Street communities are the purest and most rewarding form of democracy was the placid conclusion reached at the Berkeley Cybersalon on "Politics 101 Meets Web 2.0" with a few folks from hi-tech companies doing programs to support democracy, such as PhoneDemocracy.com, RBlock.com, and Maplight.com. Being a Berkeley crowd, there wasn't a Republican or even a Liberatarian in shooting distance, but someone from the Wellstone Democratic Renewal Club provided a welcome analog counterpoint to the netroots wetdream.
Jack Kurzweil, from Wellstone, asked a critical question: "How can we get people who don't vote interested in voting, and hence attain true democracy?"
Although one can use the Internet to find people who do vote, it's not easy to find out who didn't. Thus, the disenfranchised -- who might not even have computer access -- can't be reached by the likes of Moveon.org and Daily Kos.
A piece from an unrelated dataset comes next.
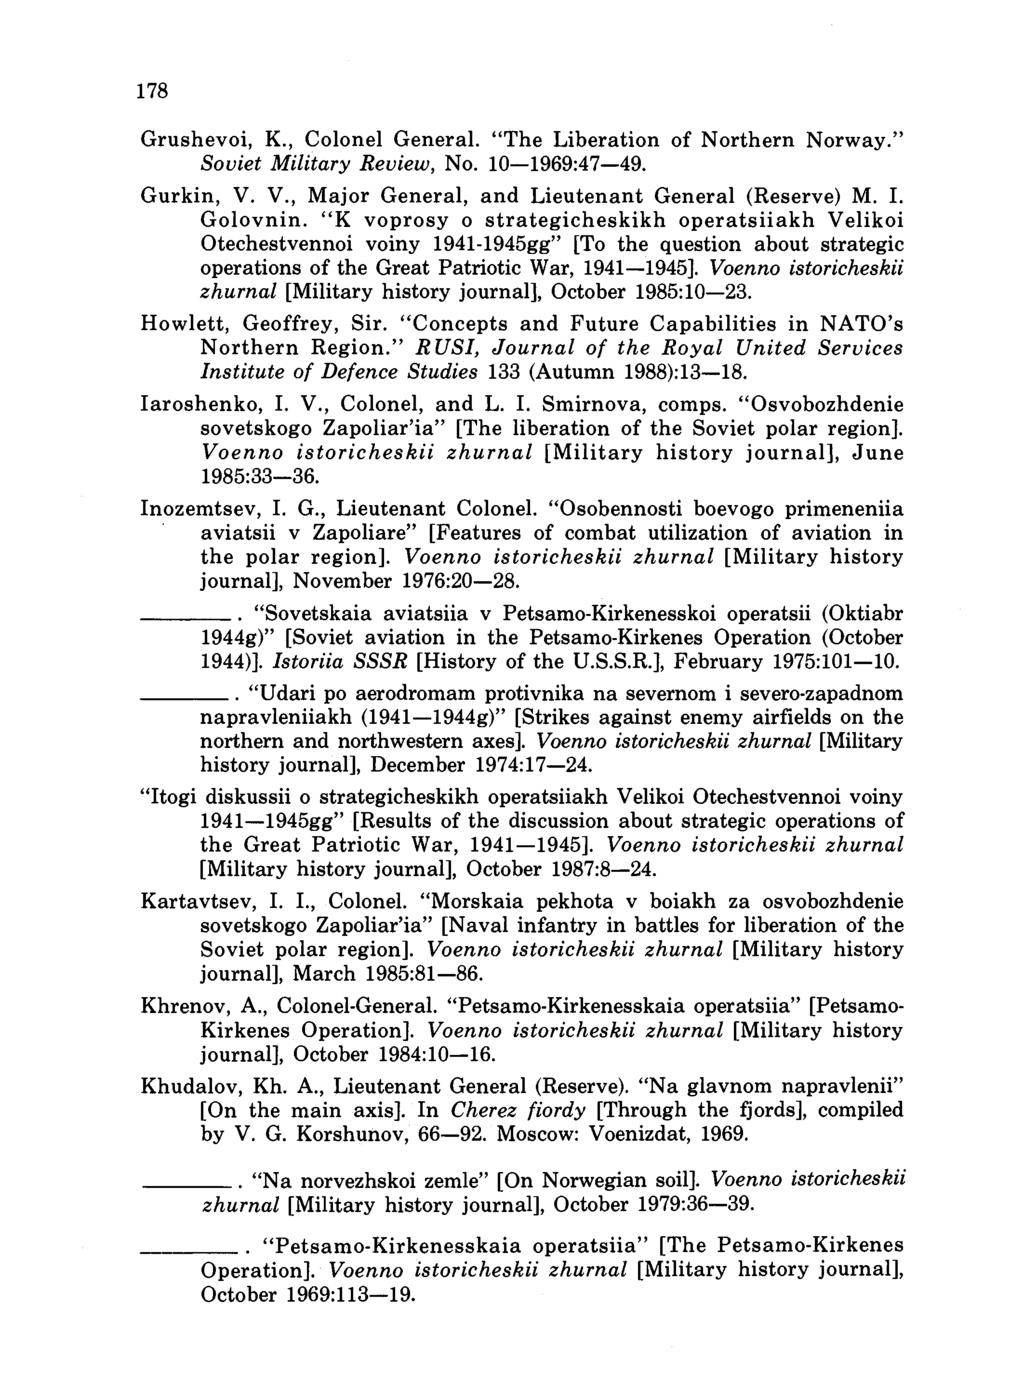 178 Grushevoi, K., Colonel General. "The Liberation of Northern Norway." Soviet Military Review, No. 10-1969:47-49. Gurkin, V. V., Major General, and Lieutenant General (Reserve) M. I. Golovnin.

Someone suggested test messaging and ringing up folks with cell phones, which might work for young people.
Someone complained about how netroots orgs like Moveon.org raised money to buy advertisements that feed back into mainstream media magnates, who spend oodles of cash to buy politicians and therefore perpetuate the plutocracy-democracy we have. Another person -- a military brat -- complained about Moveon's placement of the General Betray Us ad in the NY Times that was censured by the U.S. Senate last week, but others felt it was worth the money for all the ruckus it raised.
The entire Cybersalon was conducted in a democratic fashion and maybe that's why it seemed so mediocre. Andrew Keen, author of The Cult of the Amateur: How Today's Internet Is Killing Our Culture, and Alexis de Toqueville, who wrote that American democracy produced a culture of mediocracy, might have a point.
I think the next Cybersalon will return to a participatory dictatorship of experts.